Publication number: CN108366072B
Application number: CN201810182984.8A
Authority: CN
Inventors: 李会格; 张方国
Original assignee: Sun Yat Sen University
Current assignee: Sun Yat Sen University
Priority date: 2018-03-06
Filing date: 2018-03-06
Publication date: 2020-07-24
Anticipated expiration: 2038-03-06
Also published as: CN108366072A

Abstract

The invention belongs to the field of cloud storage, and particularly relates to a cloud storage method supporting voice encryption search. The user, the voice recognizer and the cloud server solve the problem of voice search encryption at the cloud end by operating a key generation algorithm, an encryption algorithm, a voice search instruction generation algorithm, a search encryption document algorithm and a local decryption algorithm. Compared with the existing text encryption searching mode, the voice encryption searching technology can be executed on any equipment supporting the voice function, the dependency on a keyboard is weakened, and the privacy of user data can be guaranteed not to be revealed. In addition, the voice encryption search can also detect the voice of a searcher, and the possibility of imitation of others and recording of electronic equipment is eliminated, so that the right of user search can be better maintained.

Description

Cloud storage method supporting voice encryption search

Technical Field

The invention belongs to the field of cloud storage, and particularly relates to a cloud storage method supporting voice encryption for searching documents.

Background

From ancient times to present, the storage mode of information has undergone three changes: paper archiving, local electronic archiving and cloud storage. The cloud storage can enable various different types of storage devices in a network to be integrated and cooperatively work through some application software, and provide data storage and service access for the outside. The system is established, so that a user can really realize the convenience of inquiring personal data on different devices at any time and any place, and the cost of the user for maintaining the devices is reduced to a certain extent. Thus, more and more users tend to save personal data to cloud products such as Amazon S3, hundredth clouds, and the like.

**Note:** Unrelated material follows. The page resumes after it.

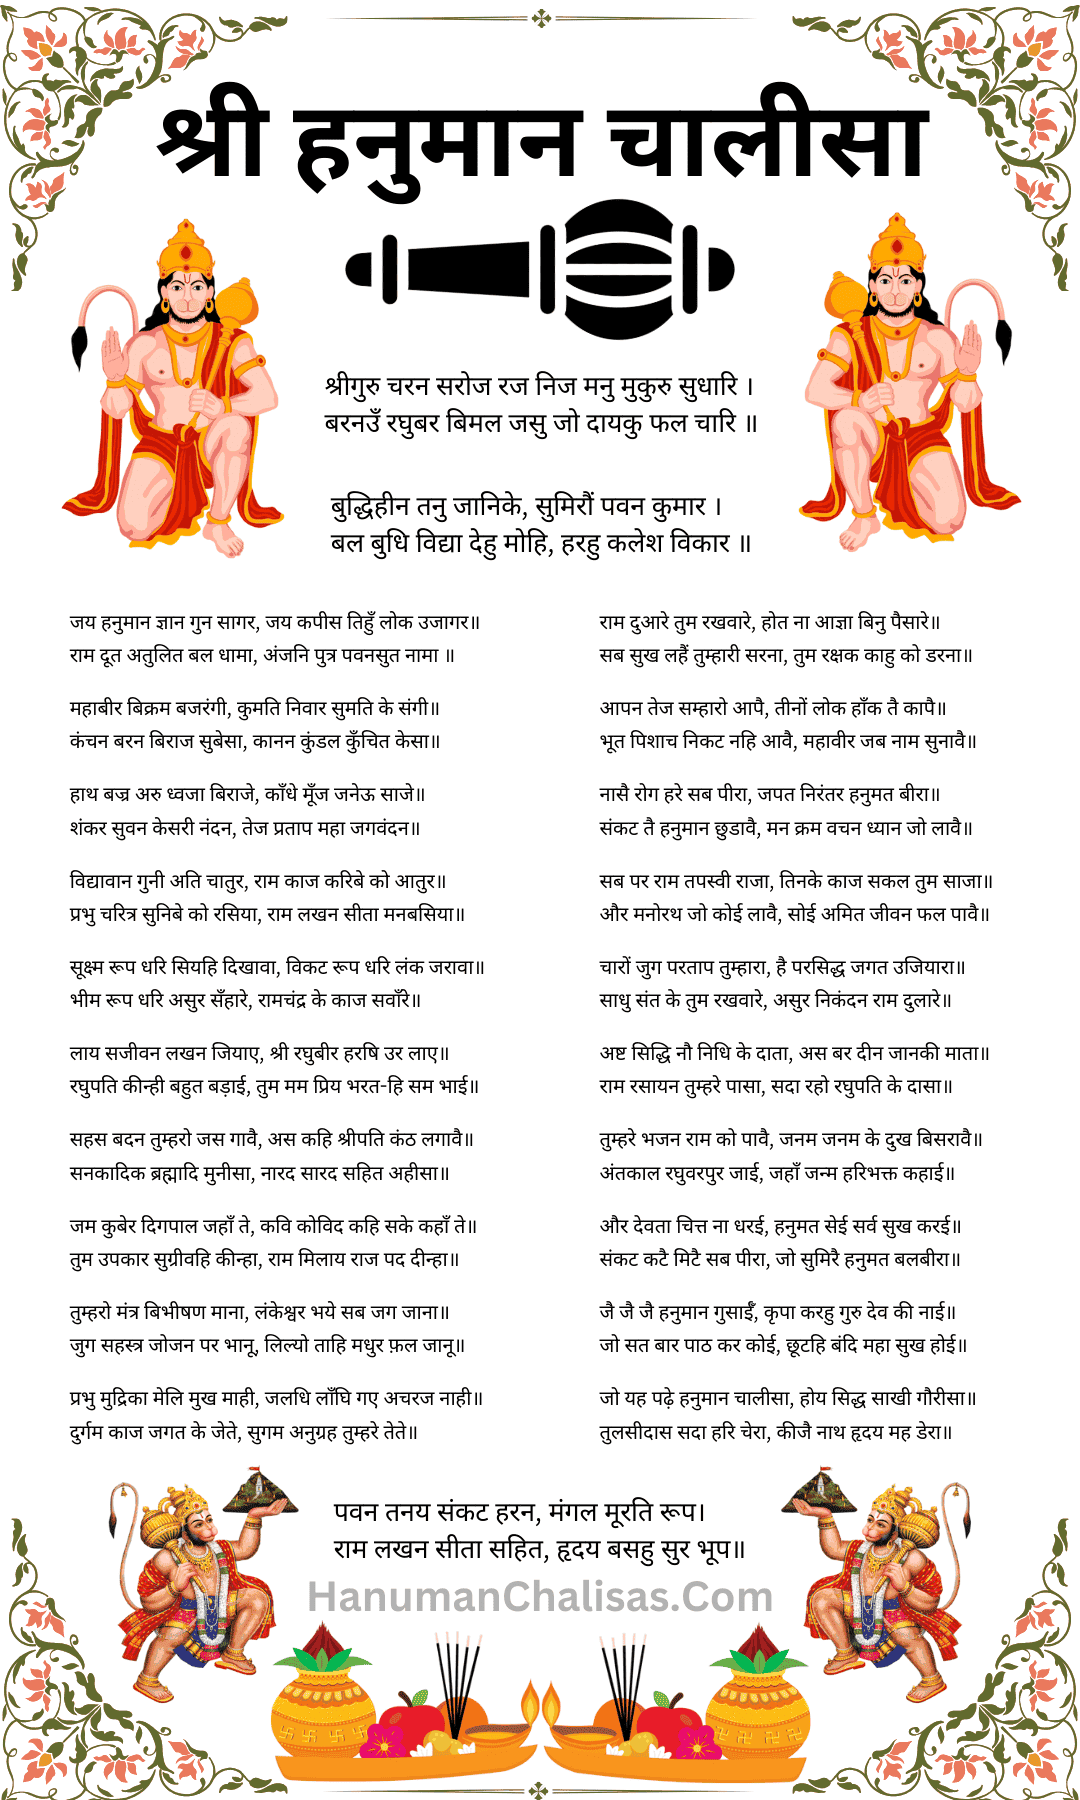 hanuman chalisa pdf, hanuman chalisa pdf hindi, hanuman chalisa hindi, hanuman chalisa

However, when the data is stored in the cloud, the user indirectly loses direct control of the data. The sensitive information in these data is often the subject of being stolen by others. To protect the privacy of data, a user usually encrypts data and then stores a ciphertext in the cloud. But what encryption algorithm is used is crucial because it is how to quickly and accurately implement conventional operation operations such as search, comparison, etc. on the encrypted data. In terms of searching, Song et al first proposed the concept of symmetric search encryption in 2000 and presented a specific example algorithm.

Symmetric search encryption schemes typically involve both the user and the server. Specifically, the user first encrypts the plaintext document D using a secure symmetric cryptographic algorithm, and then uploads the corresponding encryption result C to the server. If the cloud space occupancy rate is not considered, the user can also generate an encrypted search index I for the plaintext document D, and the index I is stored on the server together with the ciphertext document C. When a user wants to inquire a document containing a keyword w, the user firstly generates a search instruction t (w) for the keyword w locally by using the own key, and then sends the search instruction t (w) to the server. And after receiving the search instruction t (w), the cloud server performs matching test on the ciphertext document C by using t (w) under the condition of no index I, and returns the corresponding ciphertext document C to the user if the test is passed. And under the condition that the index I exists, the server calculates the pointer values of the target documents by combining t (w) and I, and then returns the encrypted documents C corresponding to the pointers to the user. And finally, after the user receives the C, the user locally decrypts the ciphertext C by using the own key.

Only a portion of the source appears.